Le label concernerait les entreprises de 50 employés et plus dans lesquelles travaillent au minimum dix femmes. Il sera valable trois ans et renouvelable après une nouvelle analyse salariale et un audit externe complet.

La politique d’égalité salariale ne devrait en effet pas être la seule composante du label. «Des points bonus pourraient être attribués en fonction d’autres critères, poursuit Claude Bocquet. Je pense particulièrement à l’existence de programmes de prévention ou de formation pour lutter contre le harcèlement sexuel, ainsi que le respect d’un ratio de postes de cadres occupés par des femmes.»

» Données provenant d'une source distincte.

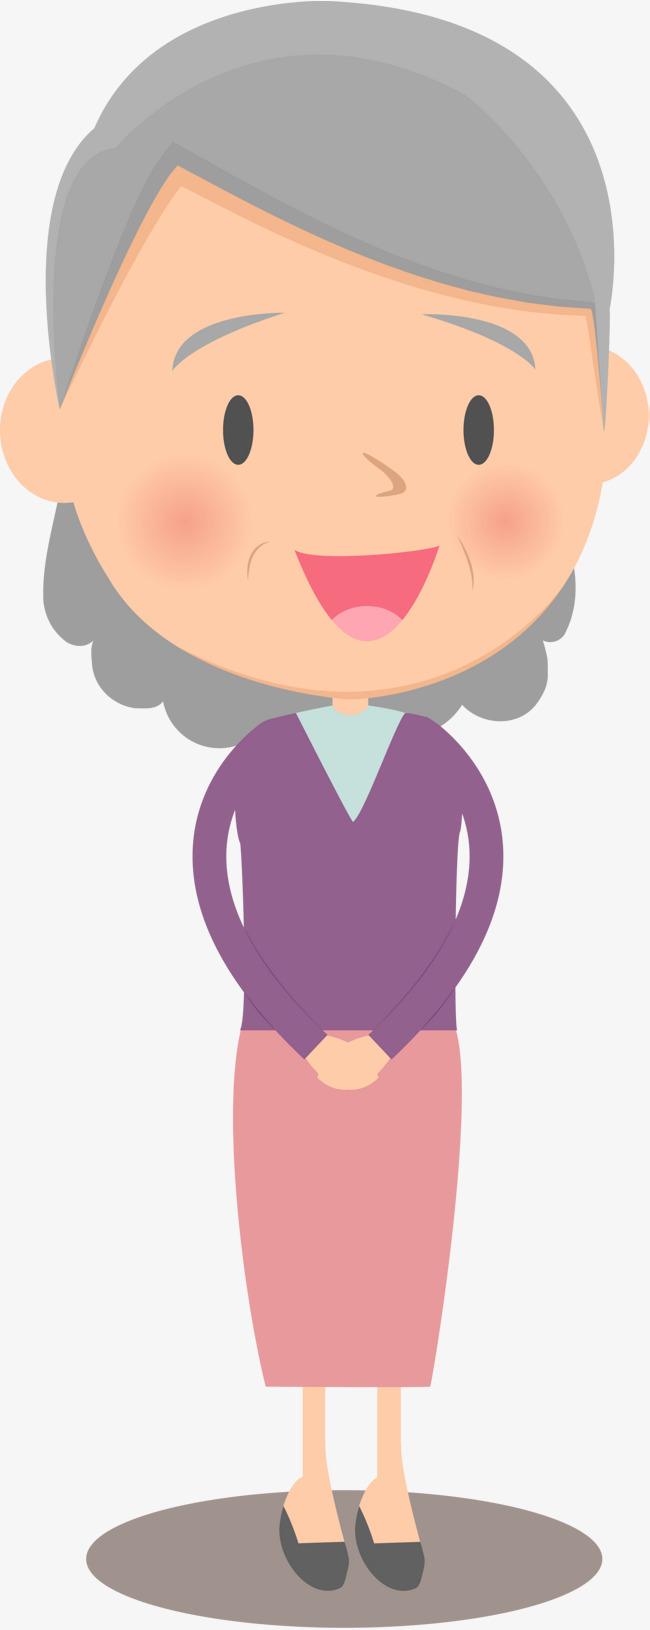 人物插画可爱老奶奶

La députée s’attend à ce que l’argument de la lourdeur et du coût de fonctionnement d’un tel système lui soit opposé. «Ce qui est lourd et coûteux aujourd’hui, ce sont bien les inégalités salariales subies par les femmes, rétorque-t-elle par avance. Cela coûtera évidemment un peu d’argent, mais cela fait si longtemps que la société économise sur le dos des femmes. Ce ne serait qu’un juste retour des choses.»

Sur un tel sujet, et en cette année où les femmes ont montré leur capacité de mobilisation le 14 juin, Claude Bocquet croit à la possibilité d’une large coalition au sein du Grand Conseil. «On voit que ça commence à bouger au niveau fédéral, il faut que nous avancions également à Genève», conclut-elle.